After 22 years working for Redmond School District and seven years as its superintendent, Mike McIntosh says he plans to retire after the 2019-20 school year.
The 56-year-old McIntosh said he’s leaving to spend more time with his family and horses at his Terrebonne farm. He believes it’s time for Redmond to have fresh leadership.
“There comes a point and time that you’ve done the things that you know how to do, and it’s time for someone else to take the reins and do what they know how to do,” he said. “I think this has been a successful run, but I know … you can’t do it forever.”
McIntosh, who moved to Redmond when he was 5 and graduated from Redmond High School in 1982, called the experience of leading his hometown school district “a little surreal.”
“I don’t think it’s common that the local kid comes home to be the superintendent,” he said. “I wouldn’t have predicted or written the script that way, but looking back seven years later, I wouldn’t have written it any other way.”
After teaching and serving as a middle school vice principal in La Grande and Madras from 1988 to 1997, McIntosh began an eight-year tenure at Redmond’s M.A. Lynch Elementary in the fall of 1997. It was the same elementary school he attended as a youth, creating class projects and watching the failed Apollo 13 moon mission.
McIntosh served as the principal at Hartman/Elton Gregory Middle School — it changed names and locations partway through his time there — and Terrebonne Community School before becoming the school district’s director of operations in 2010.
He became the school district’s interim superintendent in July 2012 after former superintendent Shay Mikalson left to become Bend-La Pine Schools’ executive director of curriculum and instructional technology. Mikalson is Bend-La Pine’s superintendent. In September 2012, the Redmond School Board named McIntosh the full-time superintendent. He currently earns about $172,000 annually.
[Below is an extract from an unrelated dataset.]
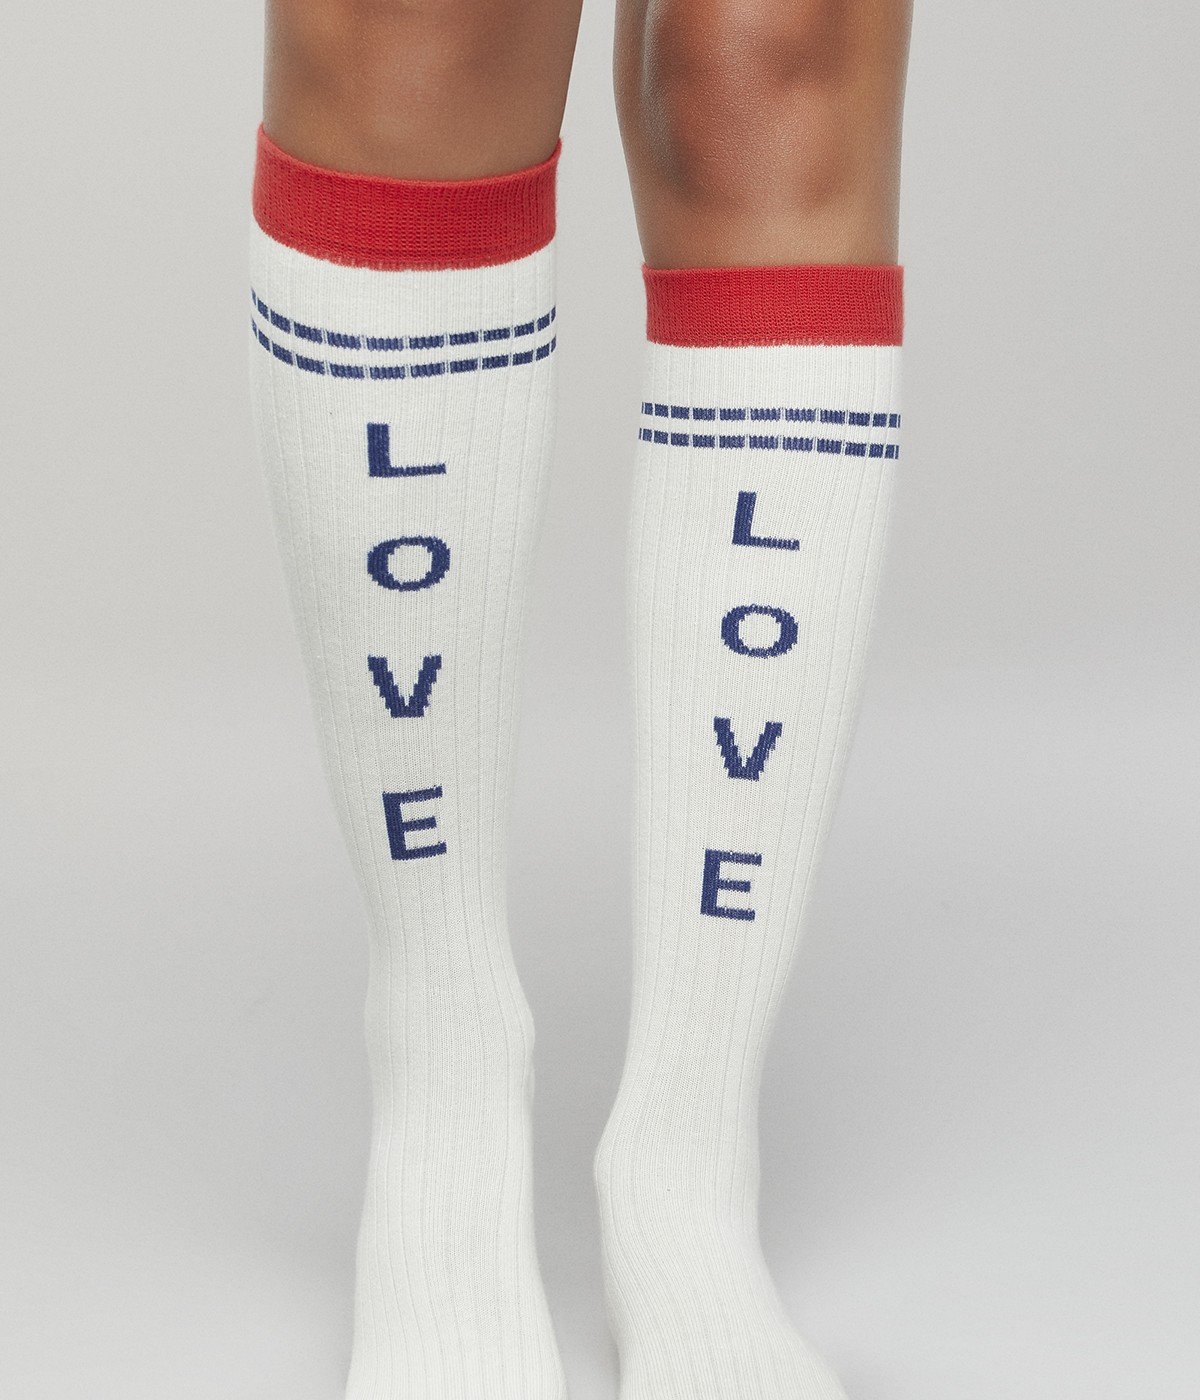 Ciorapi Pantalon Love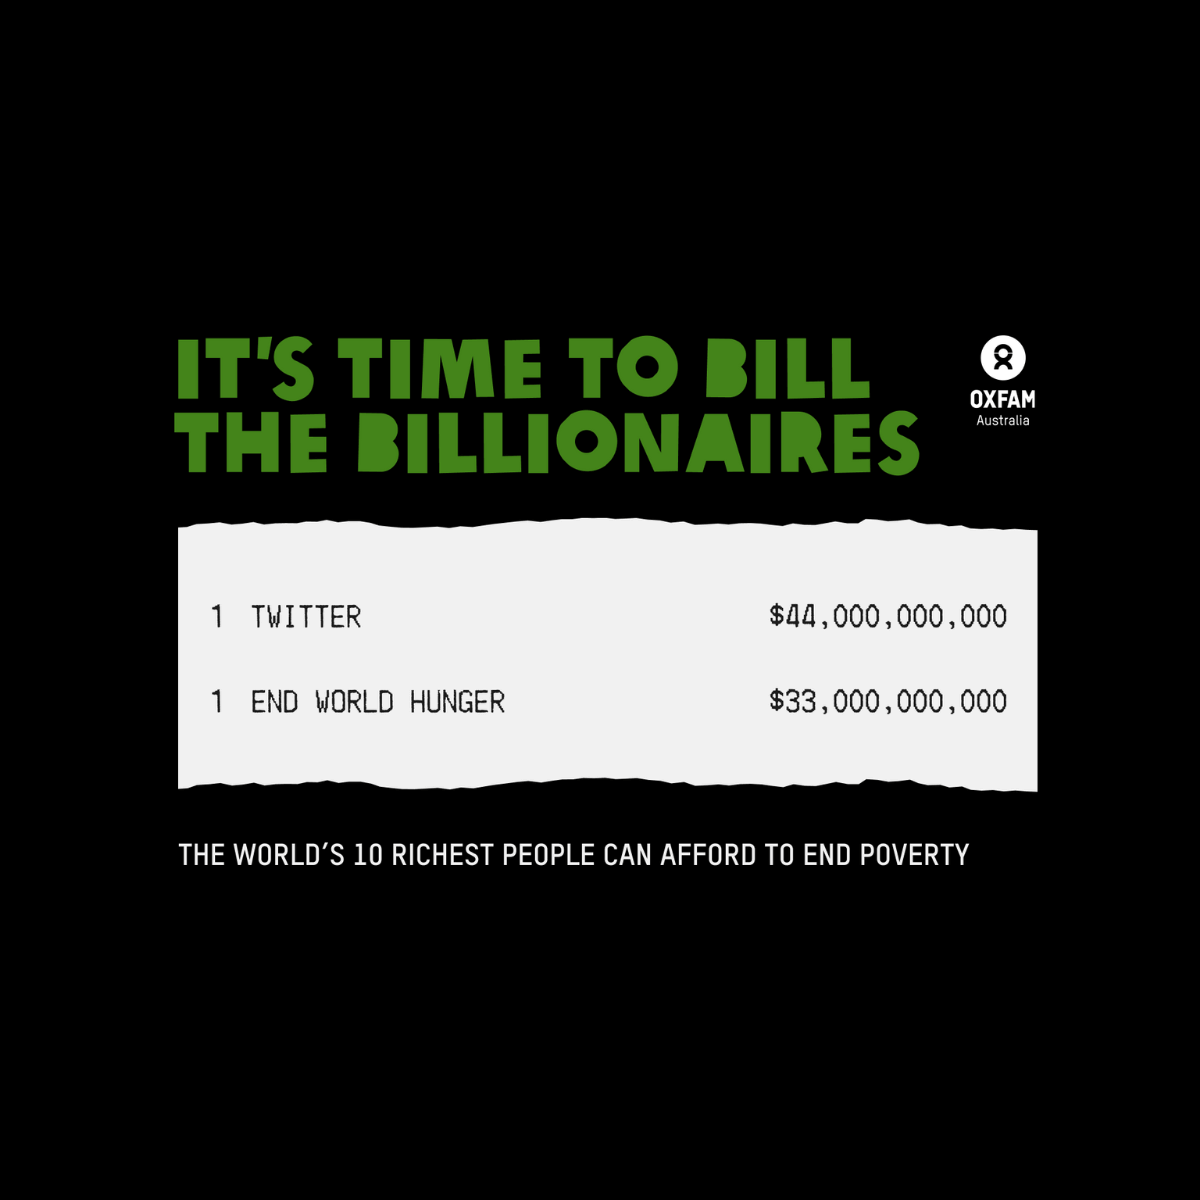 Trillion dollar bill campaign

During McIntosh’s time as superintendent, Redmond — Oregon’s 17th-largest school district and the third-largest outside the Willamette Valley — has grown by about 500 students. Four-year graduation rates have risen in Redmond during his tenure, from about 48% for the class of 2013 to about 83% for the class of 2018. However, the 2013 graduation rate is skewed, as the state did not yet count students who had received modified diplomas or those who had earned diplomas but hadn’t yet received them because they were returning for a fifth year of high school for college credits.
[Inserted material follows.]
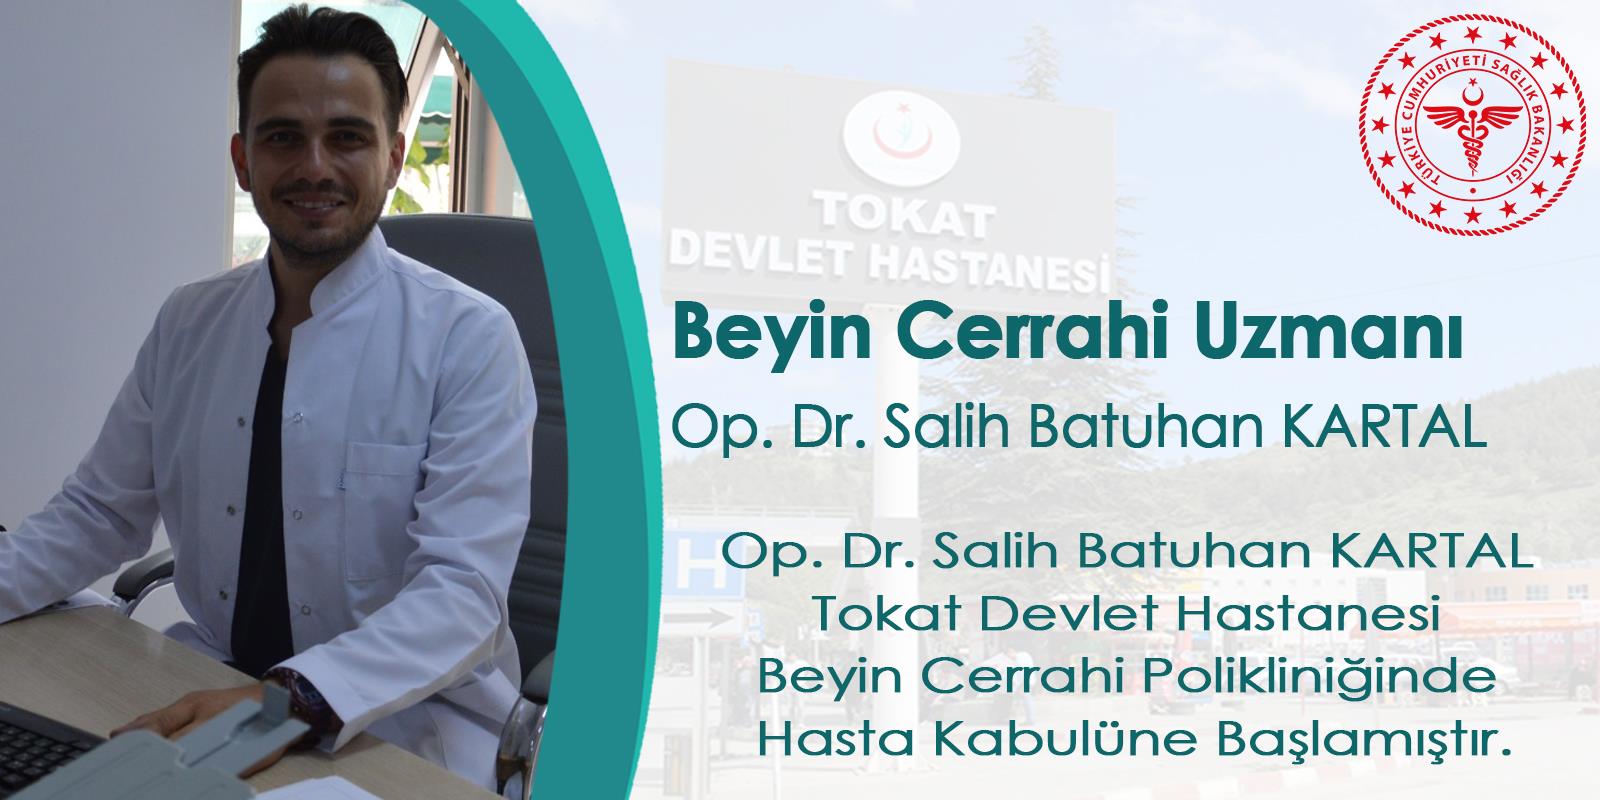 Beyin Cerrahisi Uzmanı Op. Dr. Salih Batuhan KARTAL hastanemizde hizmet vermeye başlamıştır.

One thing McIntosh said he was proud of is the increased success for groups of students with economic or social difficulties. He referenced the recent success of Latino students in Redmond, whose graduation rate has risen from 68% to 81% in the past five years.
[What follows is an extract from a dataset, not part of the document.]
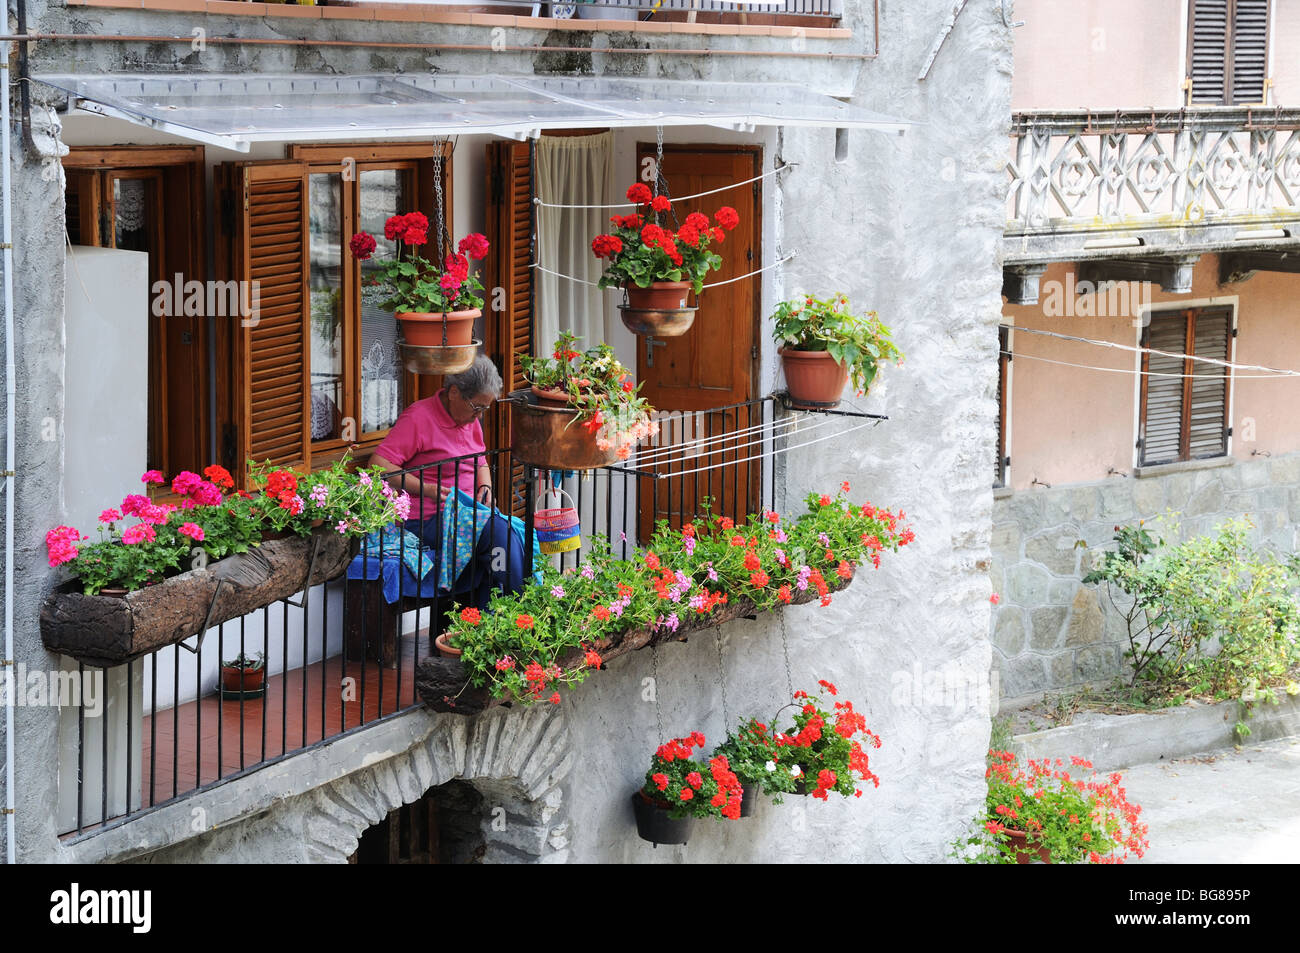 Vieille dame la couture sur balcon entouré par les jardinières pots Fleurs rouge rose géranium Pont St Martin Vallée d'Aoste Italie Banque D'Images

“We’re just creating an equal playing field for families and students,” he said.
One of the biggest disappointments McIntosh had with his tenure was the failure of a $70 million bond measure in 2018. The bond, which would’ve rebuilt the aging Lynch Elementary along with other safety upgrades, missed approval by only 1.7 percentage points.
“That still is a struggle for me to accept, because I think we clearly have needs to our school system,” he said.
Redmond’s school board chairman, Tim Carpenter, said McIntosh “set the bar” for future superintendents. He specifically praised McIntosh’s connection with the people of Redmond.
“He’s great with the community, a big people person,” he said. “I hear all sorts of positives in the community from people who’ve dealt with Mike and are very pleased with the job he’s done.”
Redmond School District administrators and school board members are beginning the process of replacing McIntosh with an in-house candidate or someone from outside the district. At the school board’s Wednesday night meeting, Carpenter said a search for candidates will likely begin in the fall, and a superintendent could be named by late February of 2020.
McIntosh said he hopes his successor is someone who lives in Redmond and adores the community and its schools.
“They have to understand Redmond, love Redmond, be loyal to it, because this is a community that’s pretty unique in its size,” he said. “We’re big enough to be significant and small enough to be personal, and I want the new superintendent to understand that dynamic.”